Science:Math Exam Resources/Courses/MATH105/April 2010/Question 01 (n)

The definition of the variance is

${\displaystyle \mathrm {Var} (X)=\int _{a}^{b}(x-{\overline {X}})^{2}f(x)\,dx}$

The calculation becomes a little easier when you use the identity

${\displaystyle \mathrm {Var} (X)=\mathbb {E} (X^{2})-(\mathbb {E} (X))^{2}.}$

From the definition of the variance we can directly compute its value.

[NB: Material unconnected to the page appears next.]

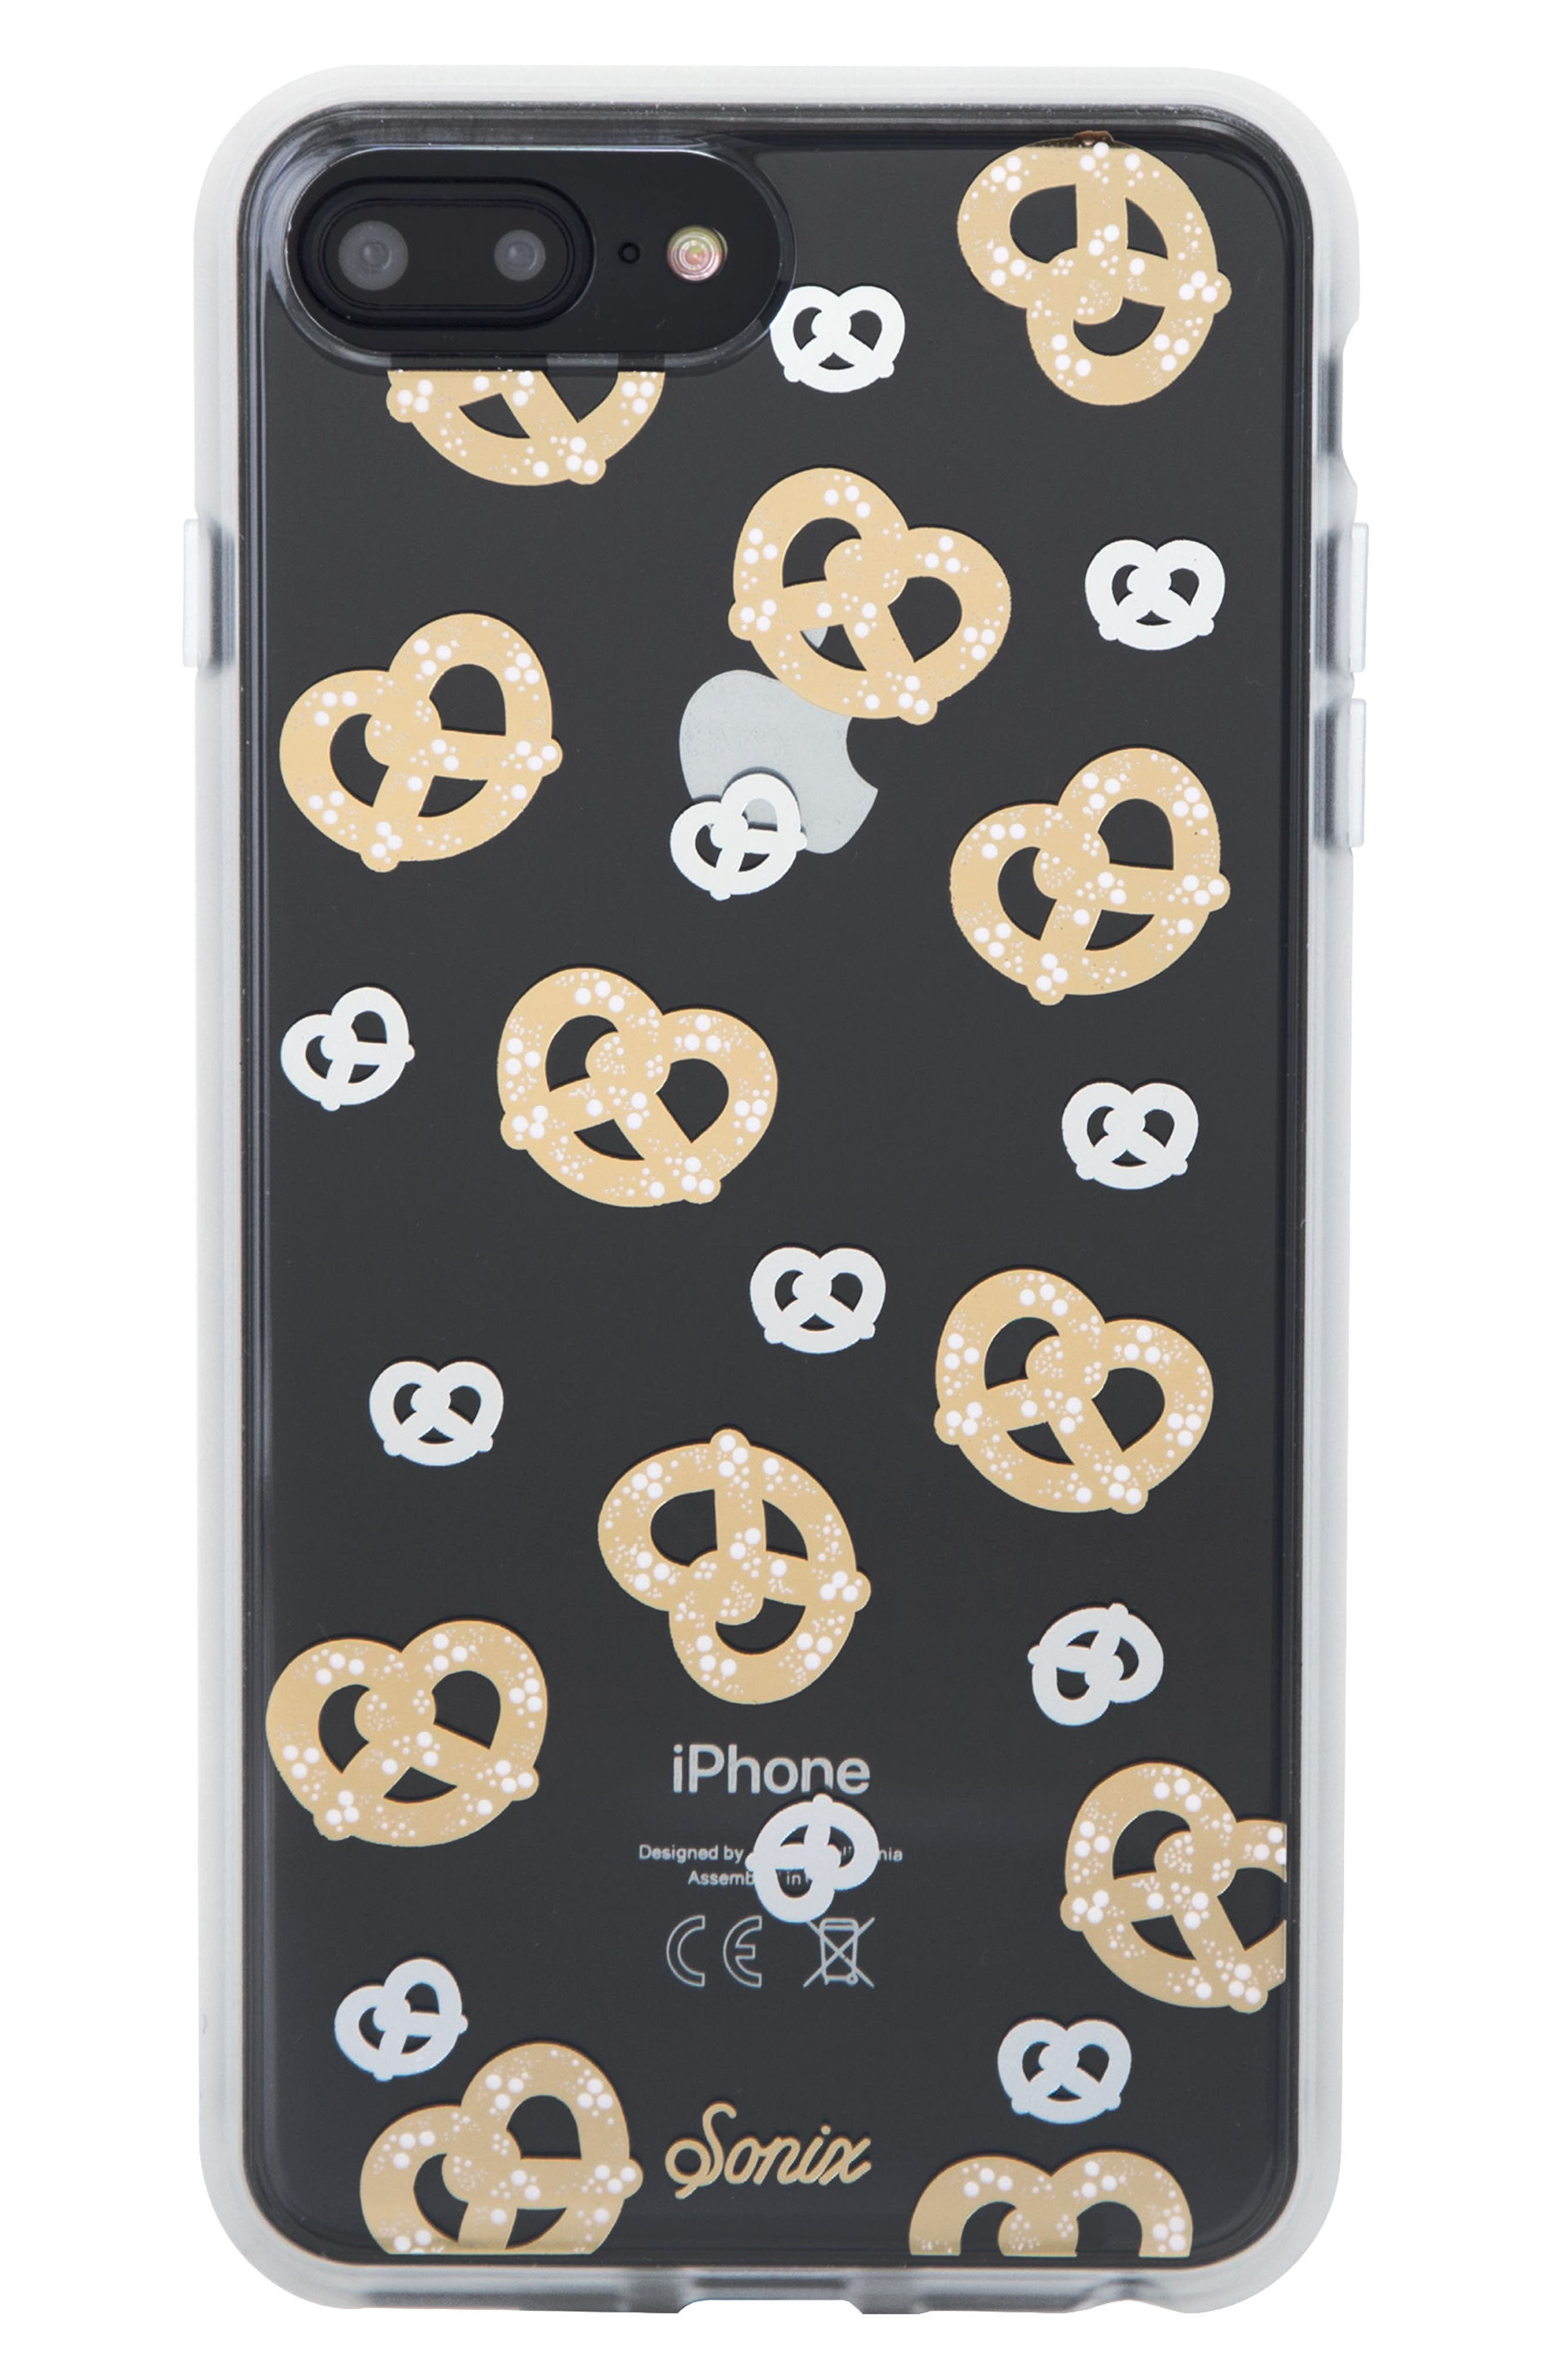 Pretzel iPhone 6/6s/7/8 & 6/6s/7/8 Plus Case,                         Main,                         color, 710

${\displaystyle {\begin{aligned}\mathrm {Var} (X)&=\int _{a}^{b}(x-{\overline {X}})^{2}f(x)\,dx=\int _{1}^{4}\left(x-{\frac {7}{3}}\right)^{2}{\frac {1}{2{\sqrt {x}}}}\,dx\\&=\int _{1}^{4}\left({\frac {x^{2}}{2{\sqrt {x}}}}-{\frac {7}{3}}{\frac {x}{\sqrt {x}}}+{\frac {49}{9}}{\frac {1}{2{\sqrt {x}}}}\right)\,dx\\&=\int _{1}^{4}\left({\frac {1}{2}}x^{3/2}-{\frac {7}{3}}x^{1/2}+{\frac {49}{18}}x^{-1/2}\right)\,dx\\&=\left.\left({\frac {1}{2}}{\frac {2}{5}}x^{5/2}-{\frac {7}{3}}{\frac {2}{3}}x^{3/2}+{\frac {49}{18}}2x^{1/2}\right)\right|_{1}^{4}\\&={\frac {1}{5}}\,32-{\frac {14}{9}}\,8+{\frac {49}{9}}\,2-\left({\frac {1}{5}}-{\frac {14}{9}}+{\frac {49}{9}}\right)\\&={\frac {34}{45}}.\end{aligned}}}$

Alternatively, we can also use the identity

${\displaystyle \mathrm {Var} (X)=\mathbb {E} (X^{2})-(\mathbb {E} (X))^{2}.}$

We're already given ${\displaystyle \mathbb {E} (X)=7/3}$ so we just need ${\displaystyle \mathbb {E} (X^{2})=\int _{1}^{4}x^{2}f(x)dx}$.

We compute this integral, finding ${\displaystyle \mathbb {E} (X^{2})=\int _{1}^{4}x^{2}{\frac {1}{2{\sqrt {x}}}}dx=\int _{1}^{4}{\frac {1}{2}}x^{3/2}dx={\frac {1}{5}}x^{5/2}|_{1}^{4}={\frac {1}{5}}(32-1)=31/5.}$

Thus ${\displaystyle \mathrm {Var} (X)={\frac {31}{5}}-({\frac {7}{3}})^{2}=34/45}$.